■ **PROBLEM REQUIREMENTS**: The response should be a faithful copy of every record, with nothing left out.

■ **DATASET RECORDS**:
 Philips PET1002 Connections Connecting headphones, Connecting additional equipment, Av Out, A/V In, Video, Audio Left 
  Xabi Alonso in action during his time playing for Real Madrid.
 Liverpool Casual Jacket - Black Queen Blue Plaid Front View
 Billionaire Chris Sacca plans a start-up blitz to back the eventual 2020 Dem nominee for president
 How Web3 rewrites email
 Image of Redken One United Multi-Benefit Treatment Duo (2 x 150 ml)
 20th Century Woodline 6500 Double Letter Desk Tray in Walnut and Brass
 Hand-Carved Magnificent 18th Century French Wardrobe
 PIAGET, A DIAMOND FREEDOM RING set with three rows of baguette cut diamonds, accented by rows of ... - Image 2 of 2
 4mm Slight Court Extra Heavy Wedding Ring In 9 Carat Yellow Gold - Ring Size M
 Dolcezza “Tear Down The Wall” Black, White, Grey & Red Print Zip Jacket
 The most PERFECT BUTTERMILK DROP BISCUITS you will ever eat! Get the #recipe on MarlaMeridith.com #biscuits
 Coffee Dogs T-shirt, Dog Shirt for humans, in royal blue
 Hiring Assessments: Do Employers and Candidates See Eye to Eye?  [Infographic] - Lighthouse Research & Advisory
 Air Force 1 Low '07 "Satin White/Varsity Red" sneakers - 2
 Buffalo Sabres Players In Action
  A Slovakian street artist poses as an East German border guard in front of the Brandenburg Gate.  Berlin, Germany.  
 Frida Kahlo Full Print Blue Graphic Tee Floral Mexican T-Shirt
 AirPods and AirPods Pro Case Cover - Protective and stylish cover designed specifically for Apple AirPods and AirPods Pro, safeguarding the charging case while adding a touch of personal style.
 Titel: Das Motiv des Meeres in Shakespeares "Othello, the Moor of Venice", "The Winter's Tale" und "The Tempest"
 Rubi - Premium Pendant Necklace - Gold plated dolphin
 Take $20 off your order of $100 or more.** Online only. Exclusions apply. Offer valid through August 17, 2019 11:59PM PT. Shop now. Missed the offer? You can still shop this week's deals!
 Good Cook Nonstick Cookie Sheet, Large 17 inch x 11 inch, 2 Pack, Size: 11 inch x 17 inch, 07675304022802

■ **RESULT BELOW**:
 Philips PET1002 Connections Connecting headphones, Connecting additional equipment, Av Out, A/V In, Video, Audio Left 
  Xabi Alonso in action during his time playing for Real Madrid.
 Liverpool Casual Jacket - Black Queen Blue Plaid Front View
 Billionaire Chris Sacca plans a start-up blitz to back the eventual 2020 Dem nominee for president
 How Web3 rewrites email
 Image of Redken One United Multi-Benefit Treatment Duo (2 x 150 ml)
 20th Century Woodline 6500 Double Letter Desk Tray in Walnut and Brass
 Hand-Carved Magnificent 18th Century French Wardrobe
 PIAGET, A DIAMOND FREEDOM RING set with three rows of baguette cut diamonds, accented by rows of ... - Image 2 of 2
 4mm Slight Court Extra Heavy Wedding Ring In 9 Carat Yellow Gold - Ring Size M
 Dolcezza “Tear Down The Wall” Black, White, Grey & Red Print Zip Jacket
 The most PERFECT BUTTERMILK DROP BISCUITS you will ever eat! Get the #recipe on MarlaMeridith.com #biscuits
 Coffee Dogs T-shirt, Dog Shirt for humans, in royal blue
 Hiring Assessments: Do Employers and Candidates See Eye to Eye?  [Infographic] - Lighthouse Research & Advisory
 Air Force 1 Low '07 "Satin White/Varsity Red" sneakers - 2
 Buffalo Sabres Players In Action
  A Slovakian street artist poses as an East German border guard in front of the Brandenburg Gate.  Berlin, Germany.  
 Frida Kahlo Full Print Blue Graphic Tee Floral Mexican T-Shirt
 AirPods and AirPods Pro Case Cover - Protective and stylish cover designed specifically for Apple AirPods and AirPods Pro, safeguarding the charging case while adding a touch of personal style.
 Titel: Das Motiv des Meeres in Shakespeares "Othello, the Moor of Venice", "The Winter's Tale" und "The Tempest"
 Rubi - Premium Pendant Necklace - Gold plated dolphin
 Take $20 off your order of $100 or more.** Online only. Exclusions apply. Offer valid through August 17, 2019 11:59PM PT. Shop now. Missed the offer? You can still shop this week's deals!
 Good Cook Nonstick Cookie Sheet, Large 17 inch x 11 inch, 2 Pack, Size: 11 inch x 17 inch, 07675304022802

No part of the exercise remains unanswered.